WHAT TO WORK ON: Begin your transcription at the line containing "Verde típico paisaje" and continue it, word for word, to the final line below. Include only those lines and skip the pictures.

Extracted data entries:

:::::

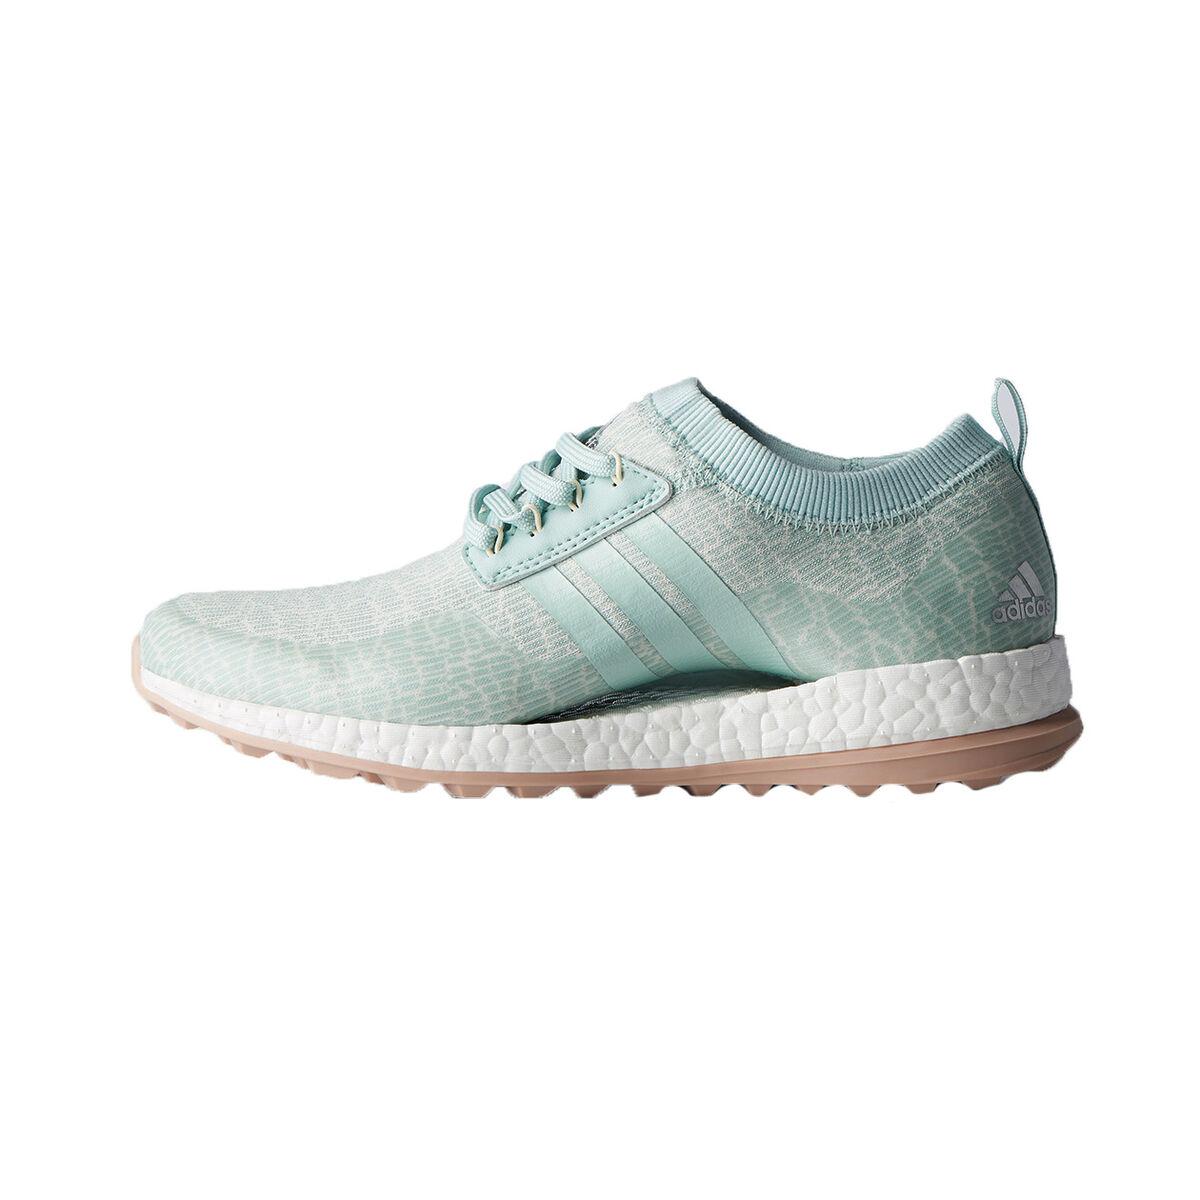 5c183e5ff3896 Images. adidas Pure Boost XG Women  39 s Golf Shoe - Light Green
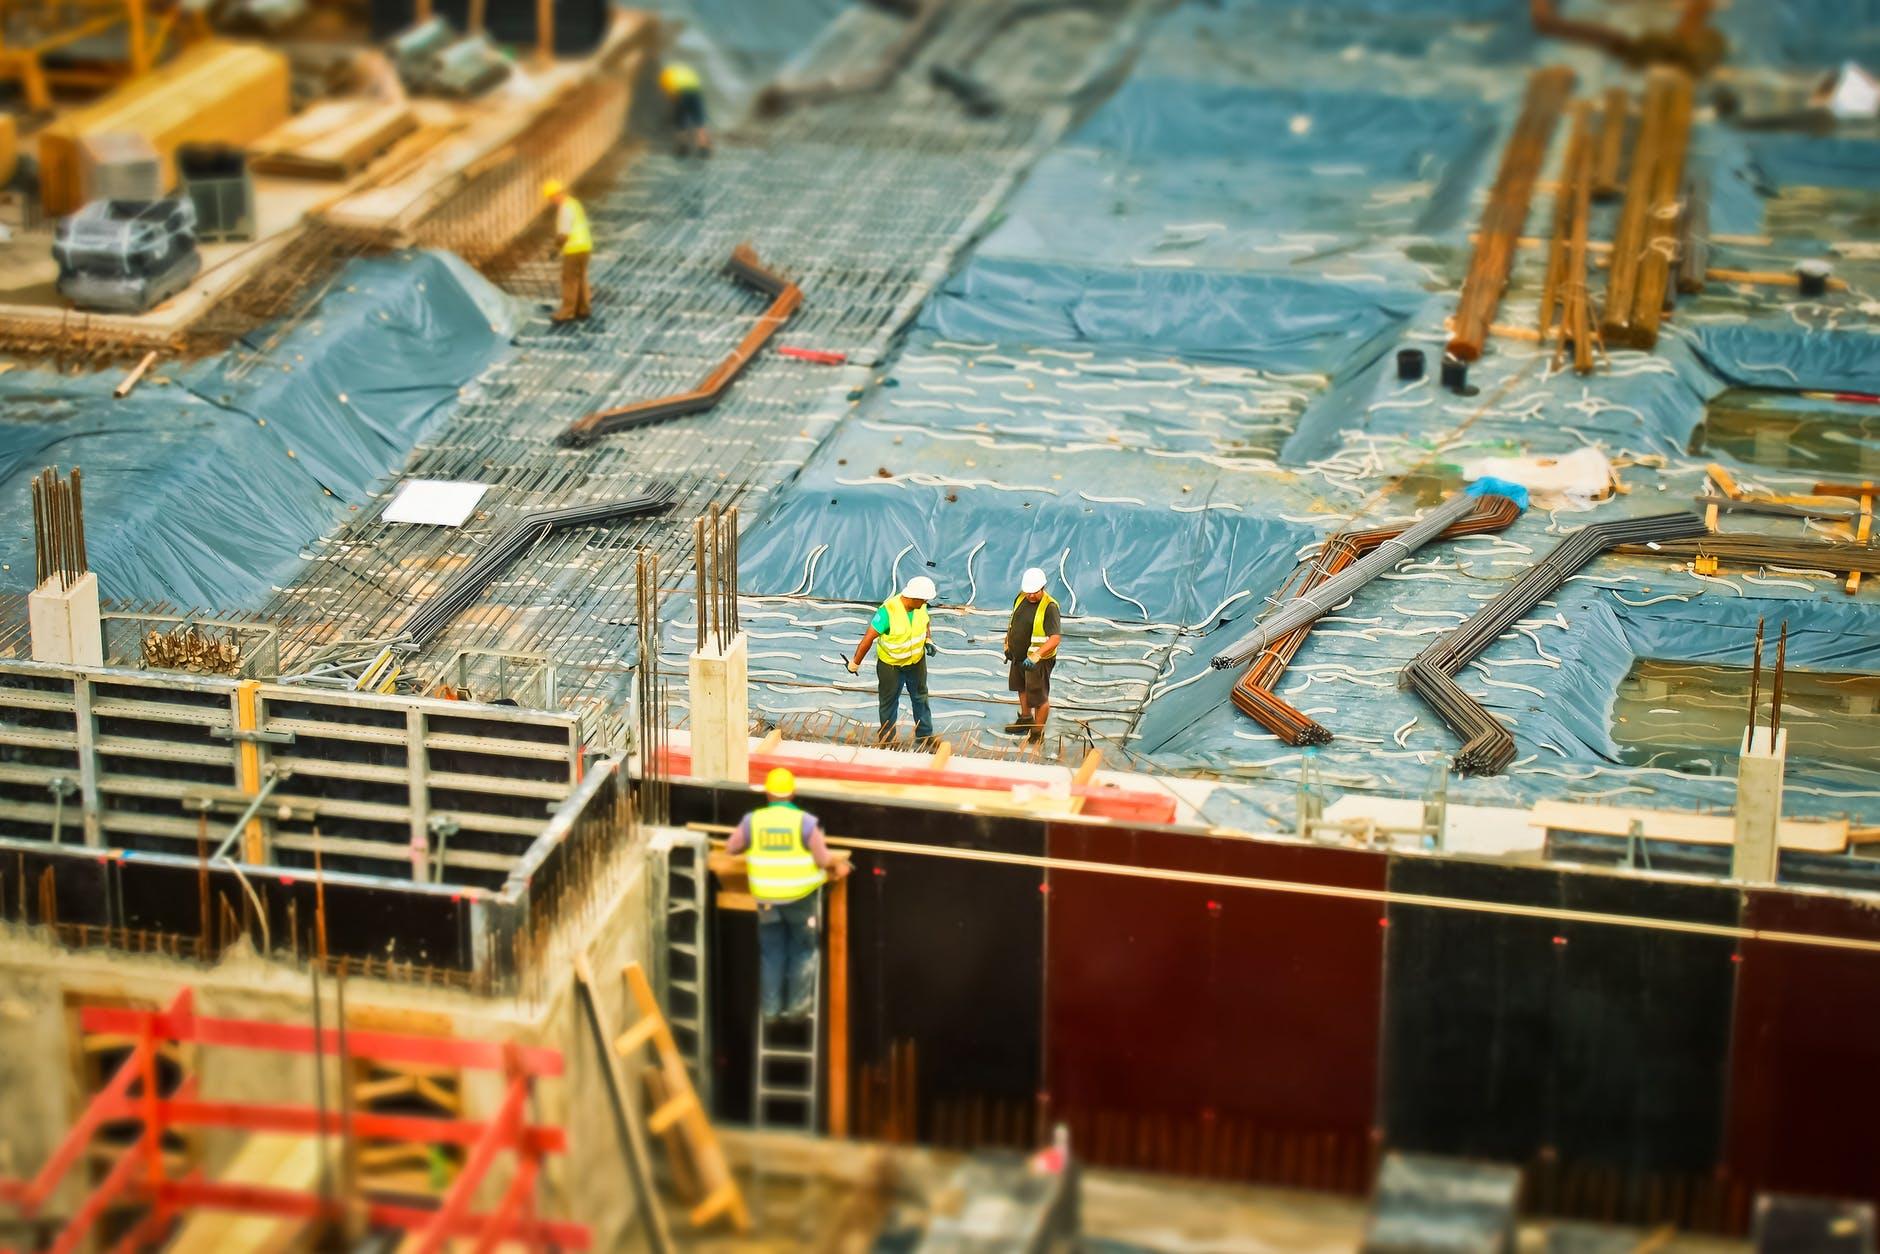 La construction redémarre en s'adaptant
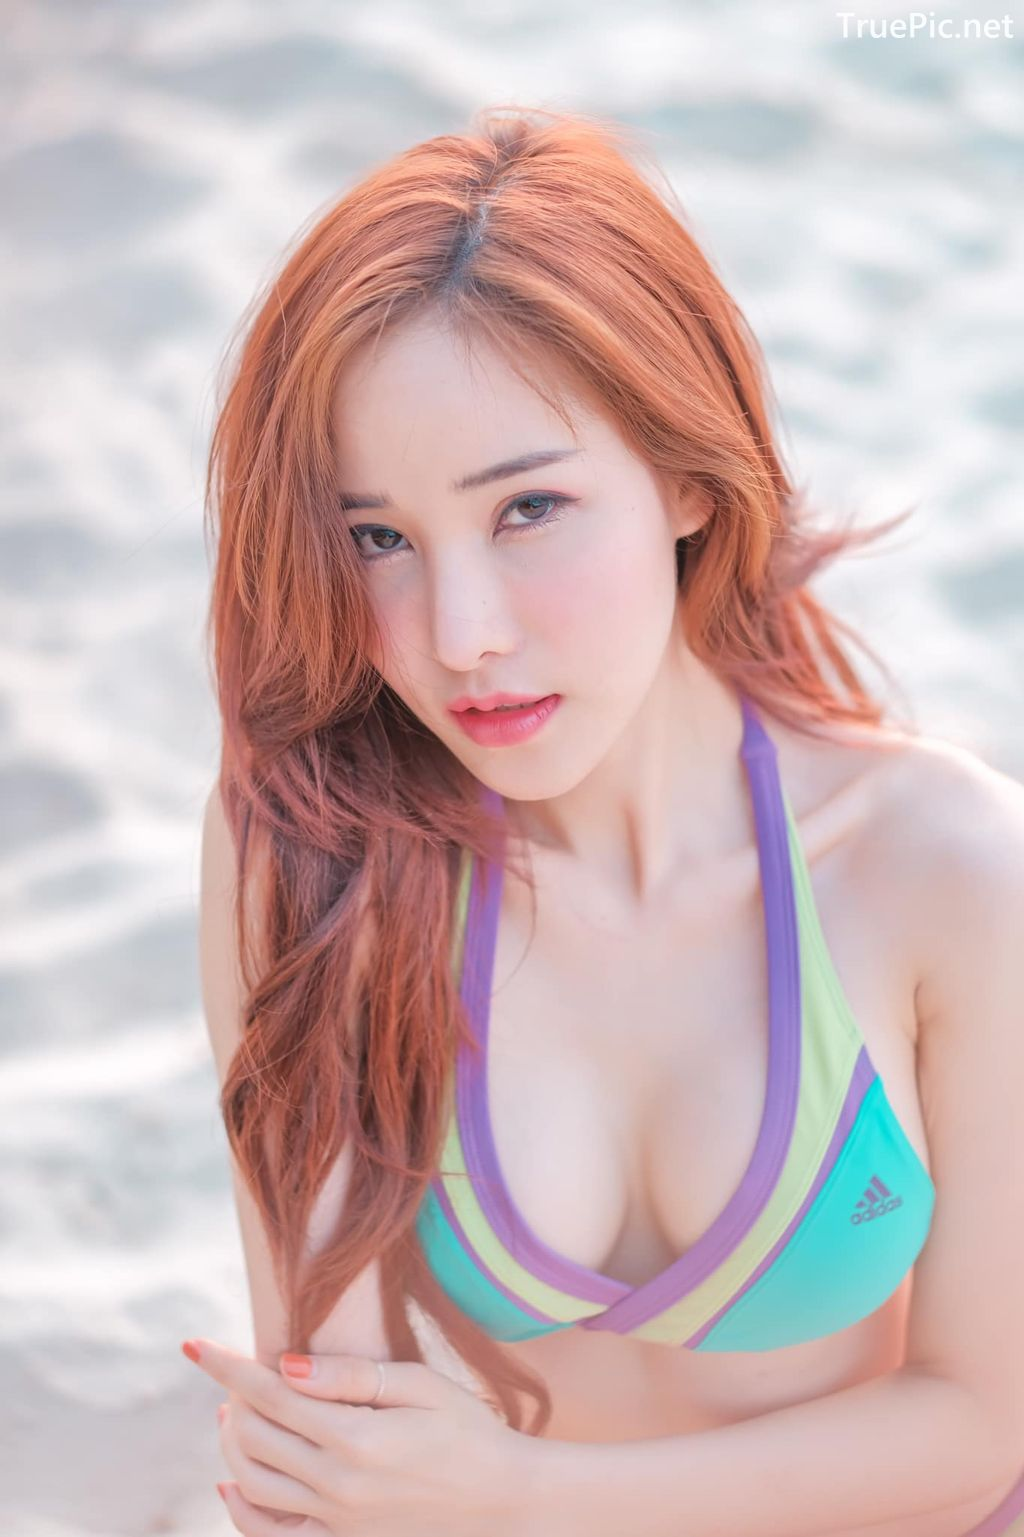 Image-Thailand-Model-Arys-Nam-in-Arysiacara-Summer-Time-Sweet-Bikini-TruePic.net- Picture-1
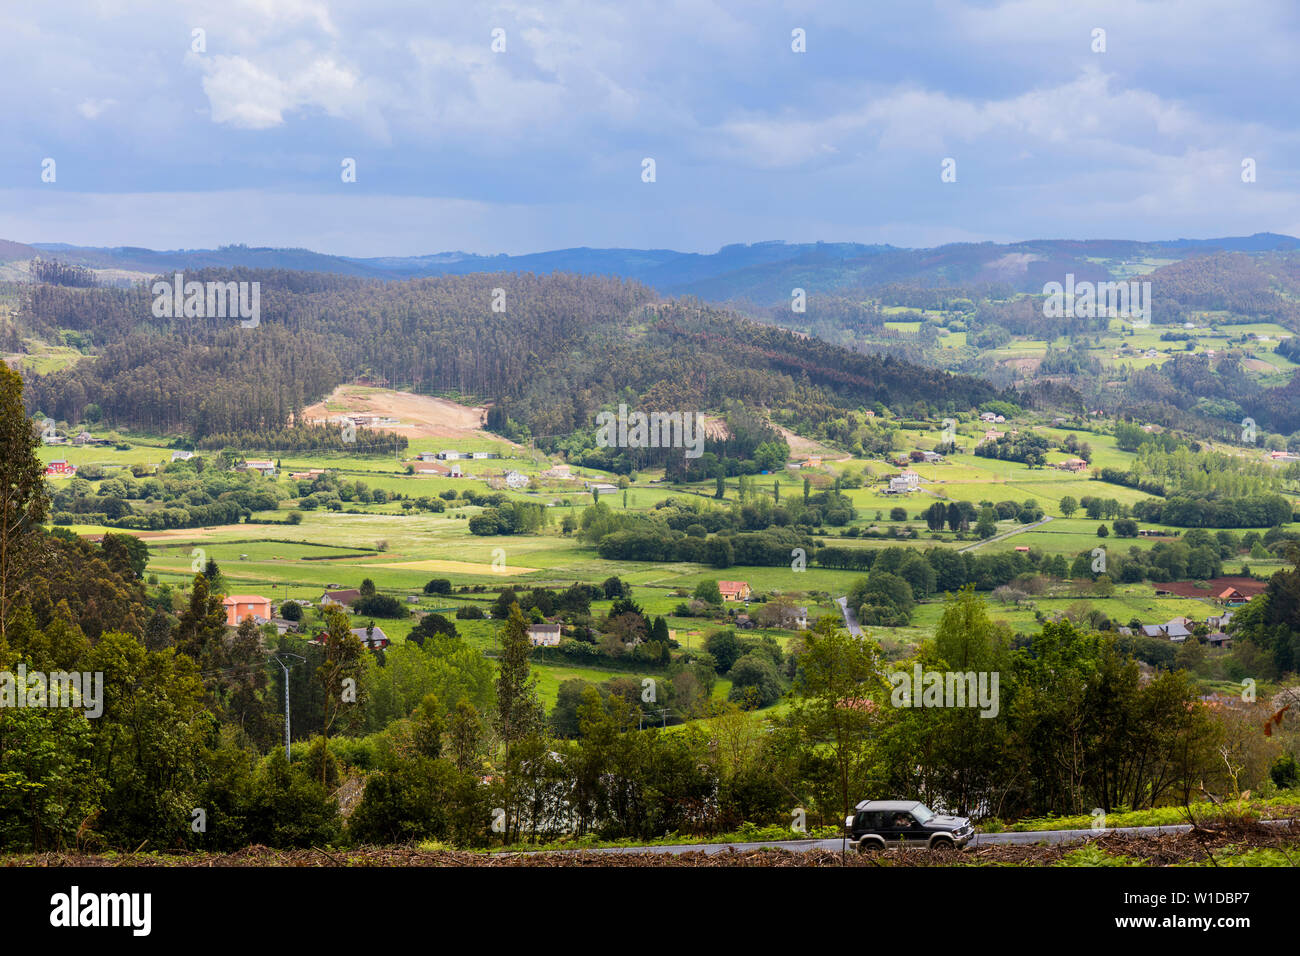 Verde típico paisaje gallego cerca de San Sadurnino, provincia de A Coruña, Galicia, España Foto de stock
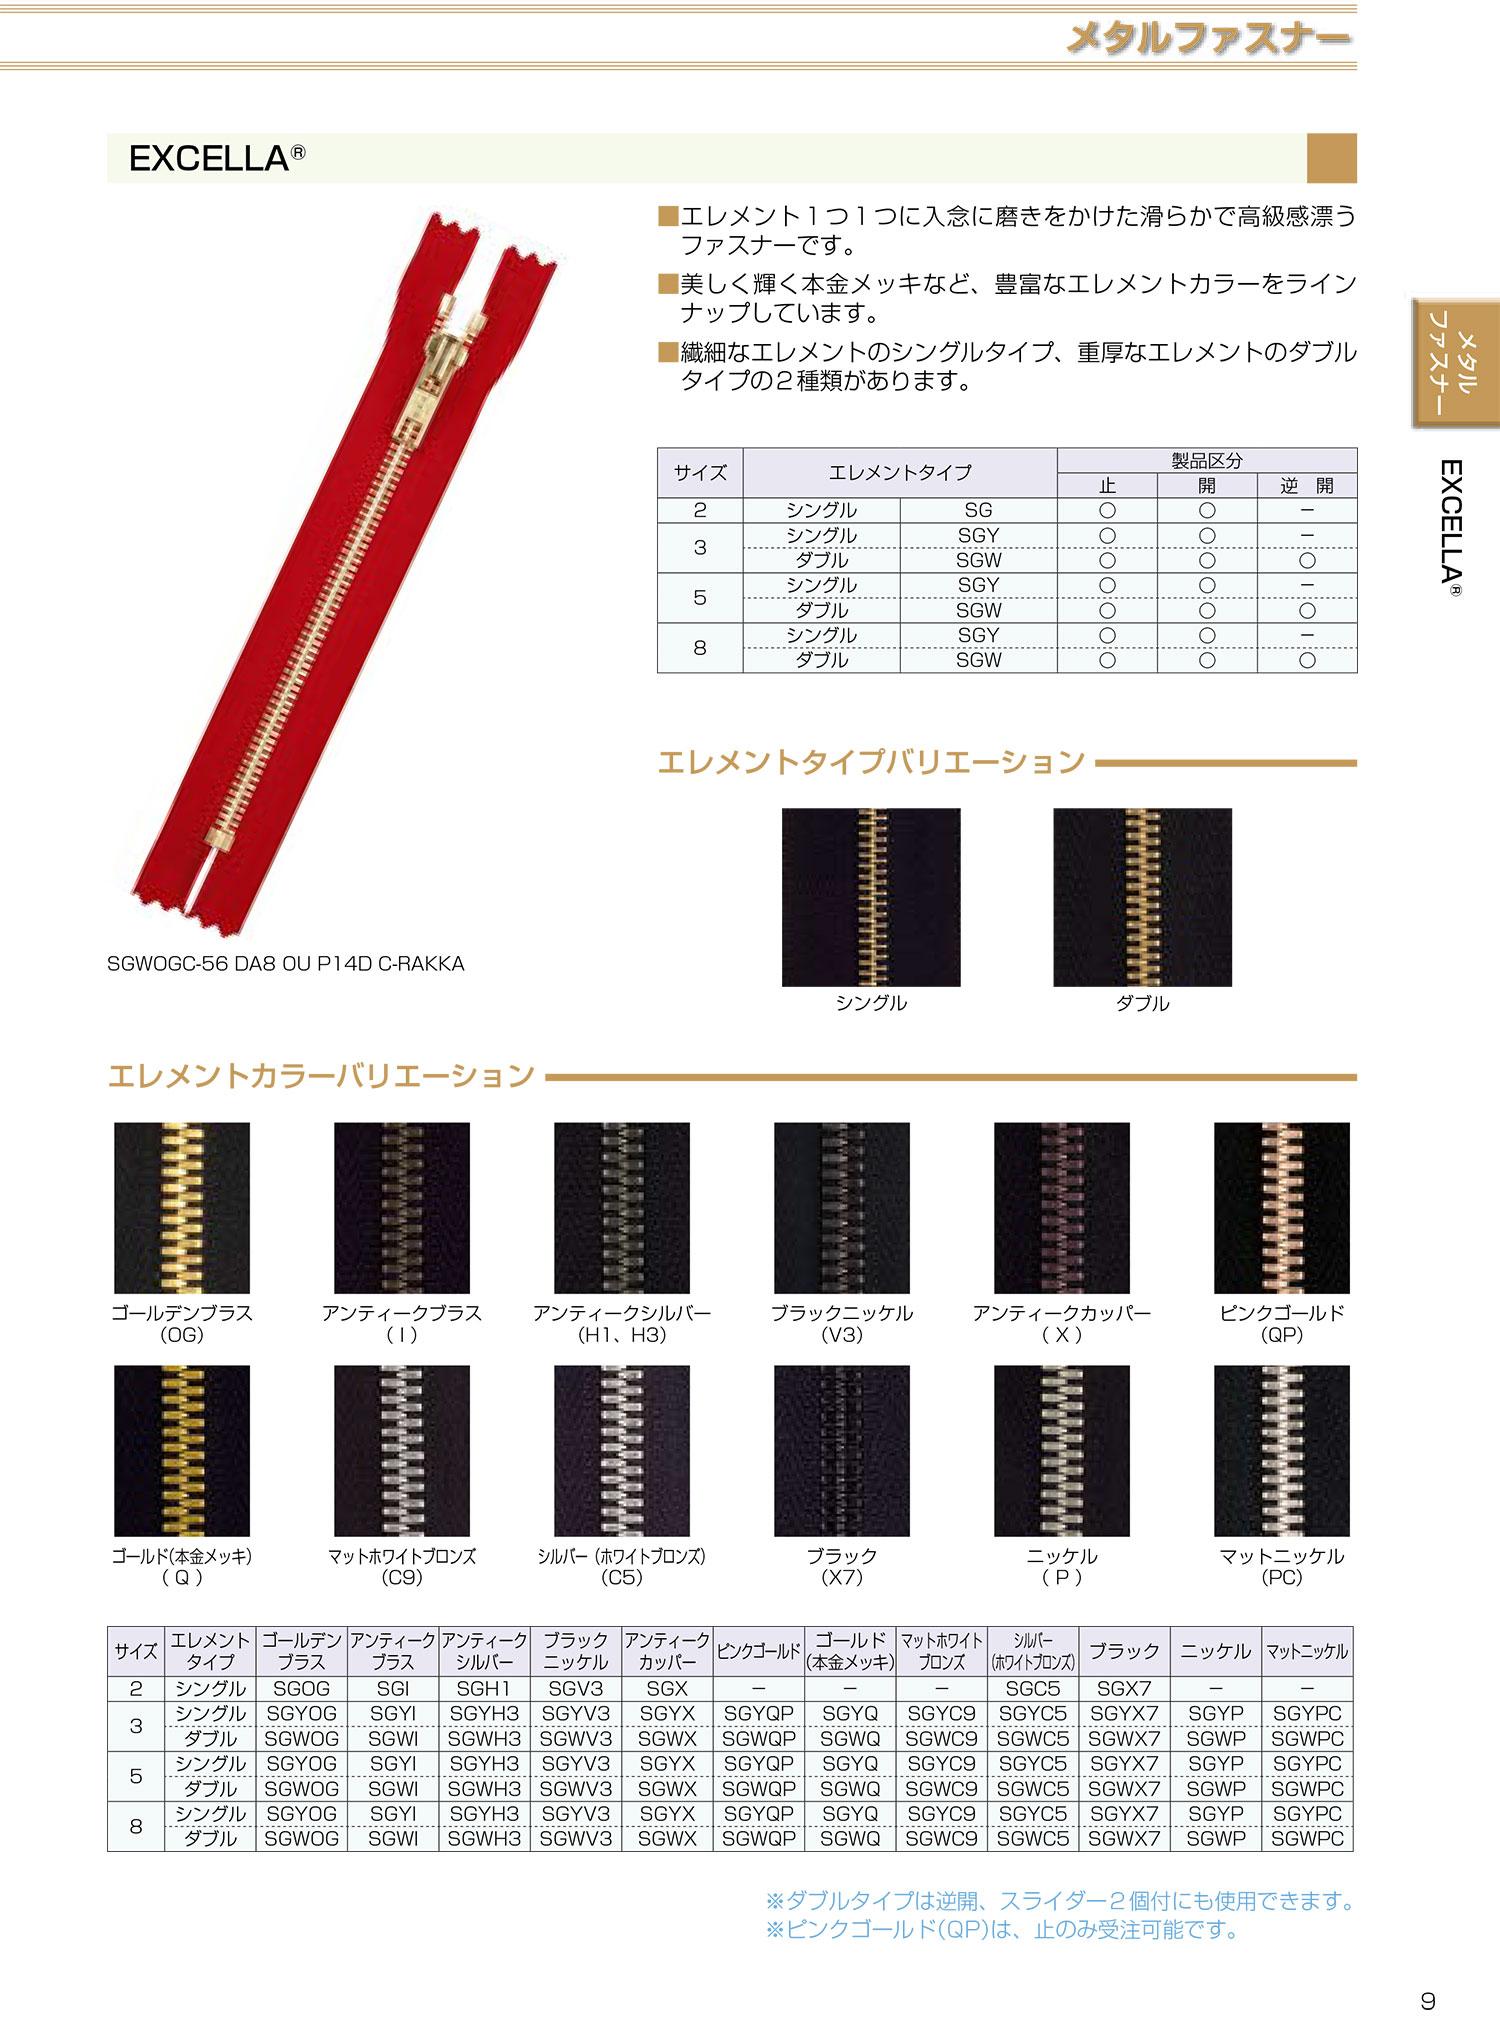 8SGWQMR エクセラ 8サイズ ゴールド(本金) 逆開 ダブル[ファスナー] YKK/オークラ商事 - ApparelX アパレル資材卸通販

:::::

SOLVED EXERCISE:
 Verde típico paisaje gallego cerca de San Sadurnino, provincia de A Coruña, Galicia, España Foto de stock
 8SGWQMR エクセラ 8サイズ ゴールド(本金) 逆開 ダブル[ファスナー] YKK/オークラ商事 - ApparelX アパレル資材卸通販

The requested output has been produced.